EXERCISE INSTRUCTIONS - Starting at the line below with "Nike Flyknit Trainer" and stopping at the line with "2012 Ferrari 458 Italia GT2 Image", please print each line exactly, those two included, and skip every picture.

DATASET CONTENT -
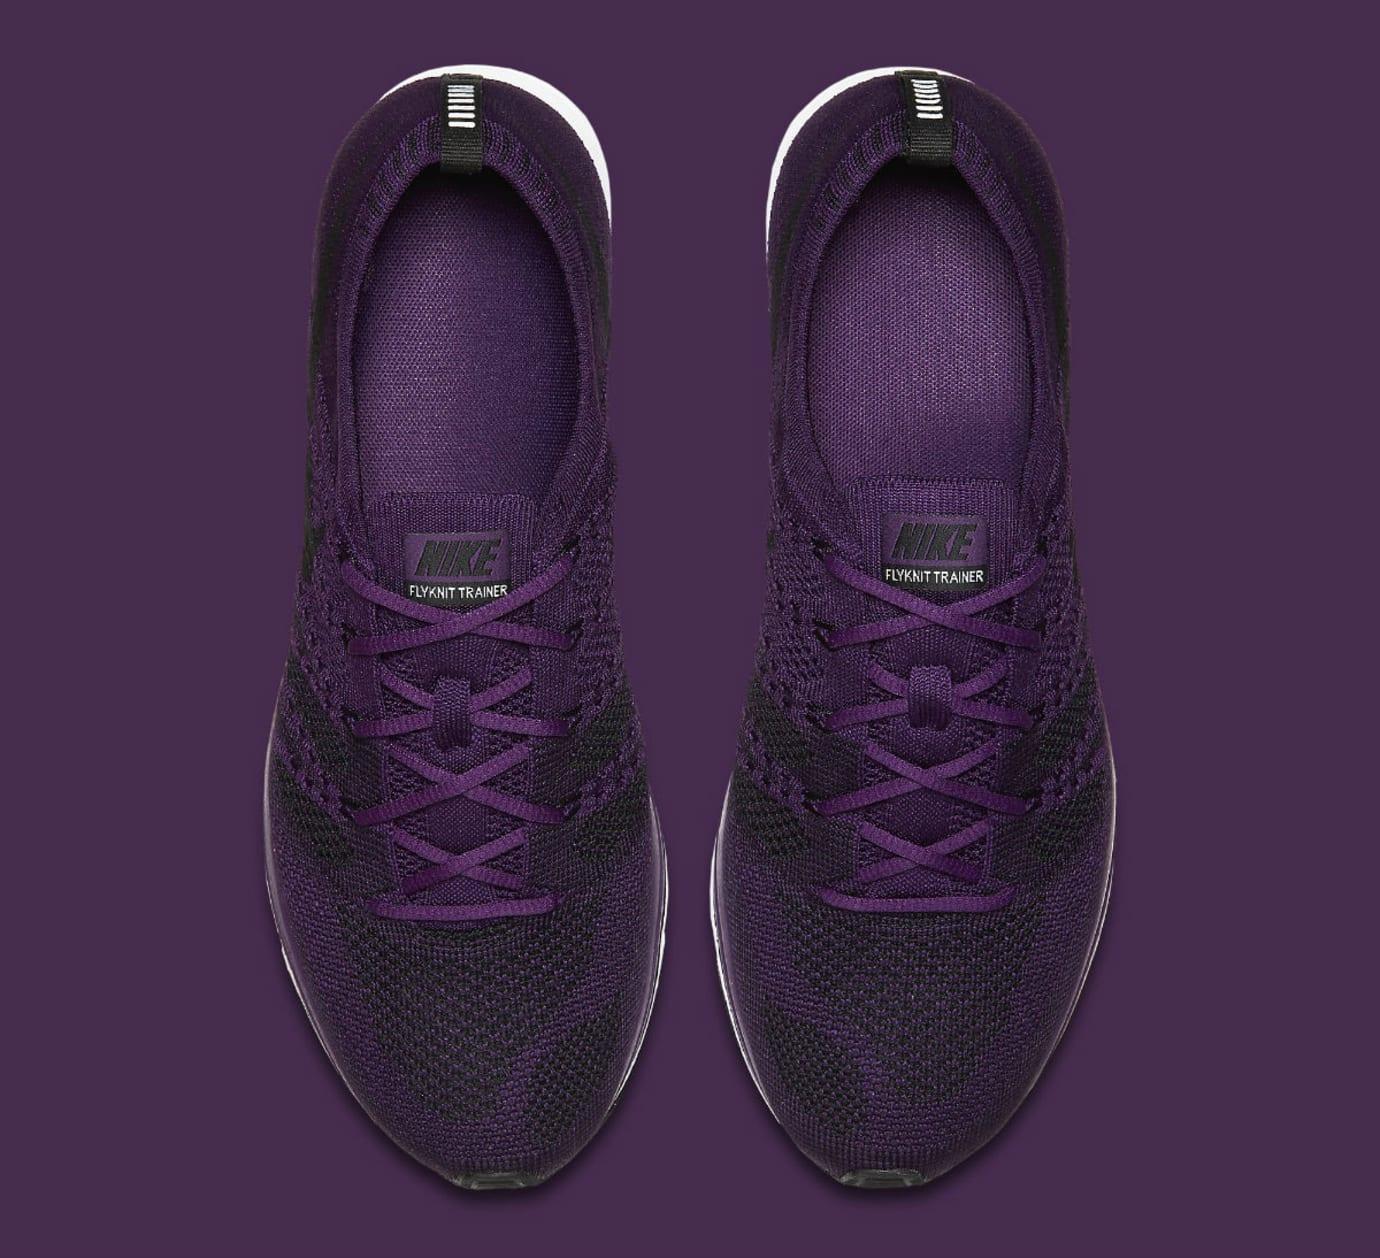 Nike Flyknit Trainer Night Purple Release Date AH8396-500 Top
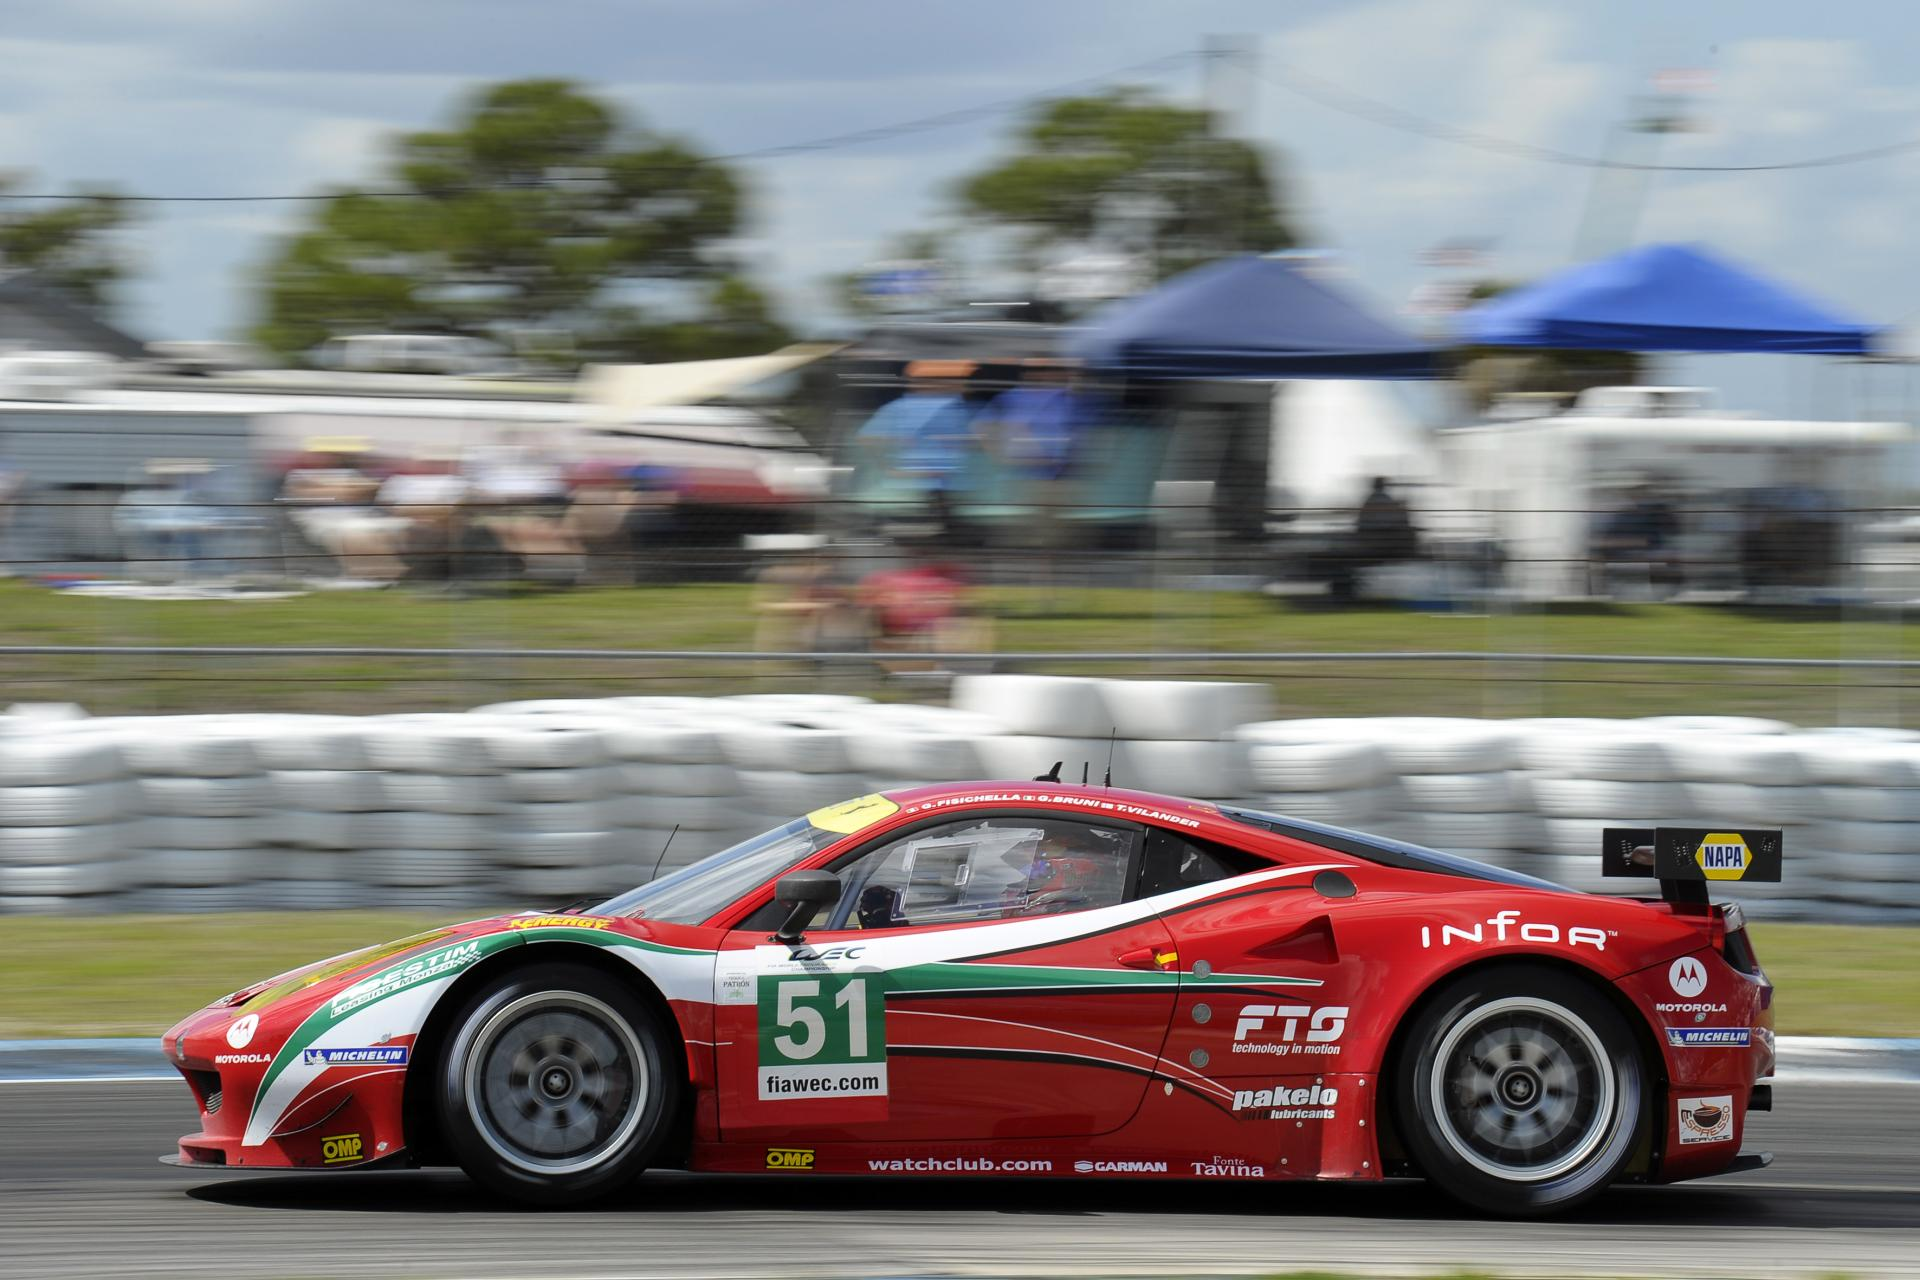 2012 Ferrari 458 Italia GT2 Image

==

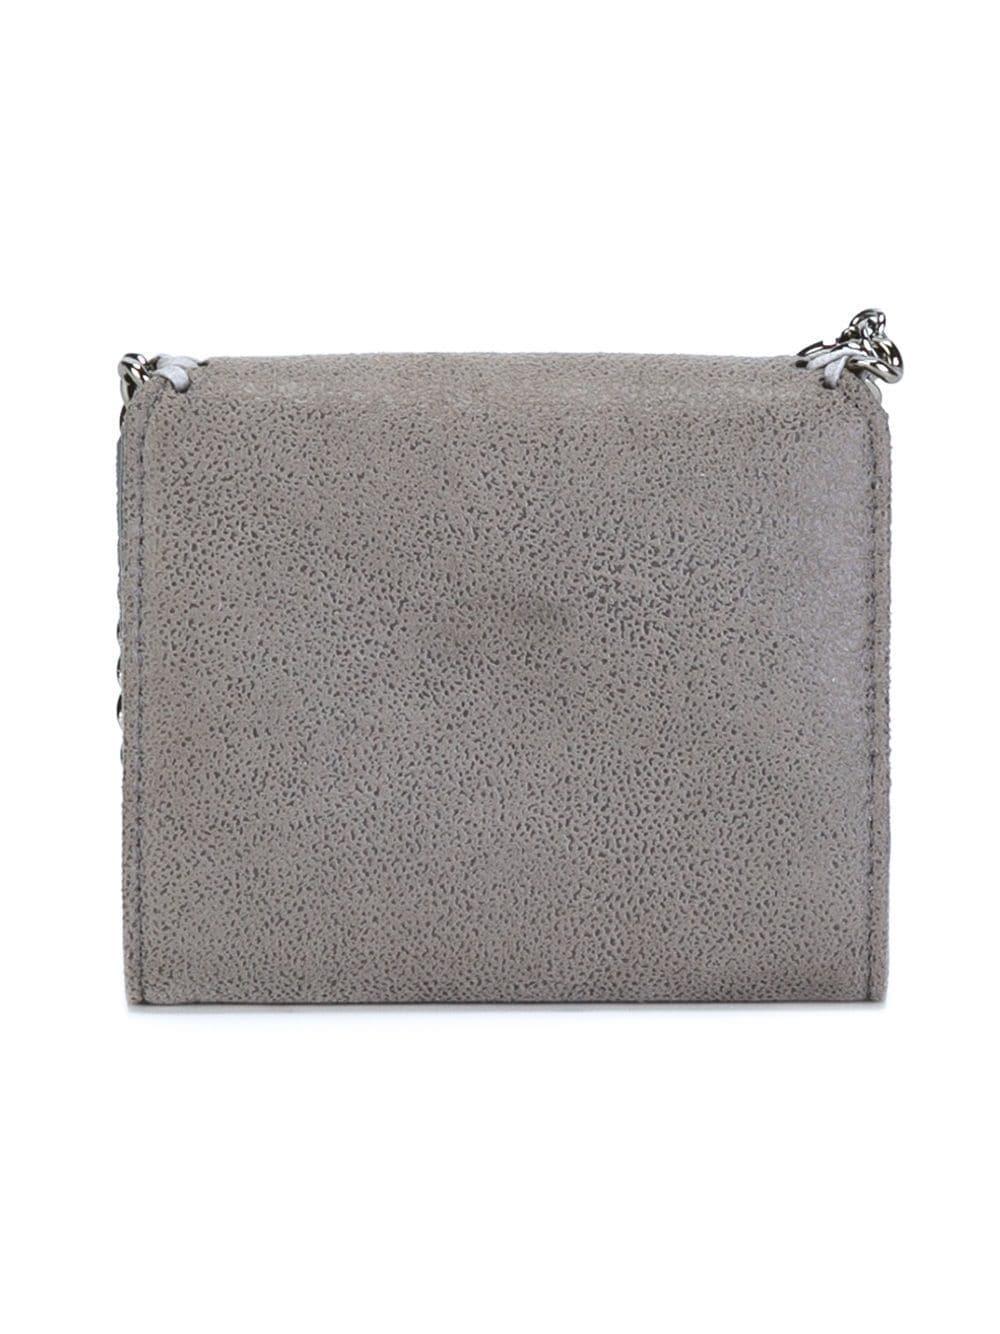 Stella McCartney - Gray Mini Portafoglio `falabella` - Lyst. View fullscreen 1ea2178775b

TASK OUTPUT -
 Nike Flyknit Trainer Night Purple Release Date AH8396-500 Top
 2012 Ferrari 458 Italia GT2 Image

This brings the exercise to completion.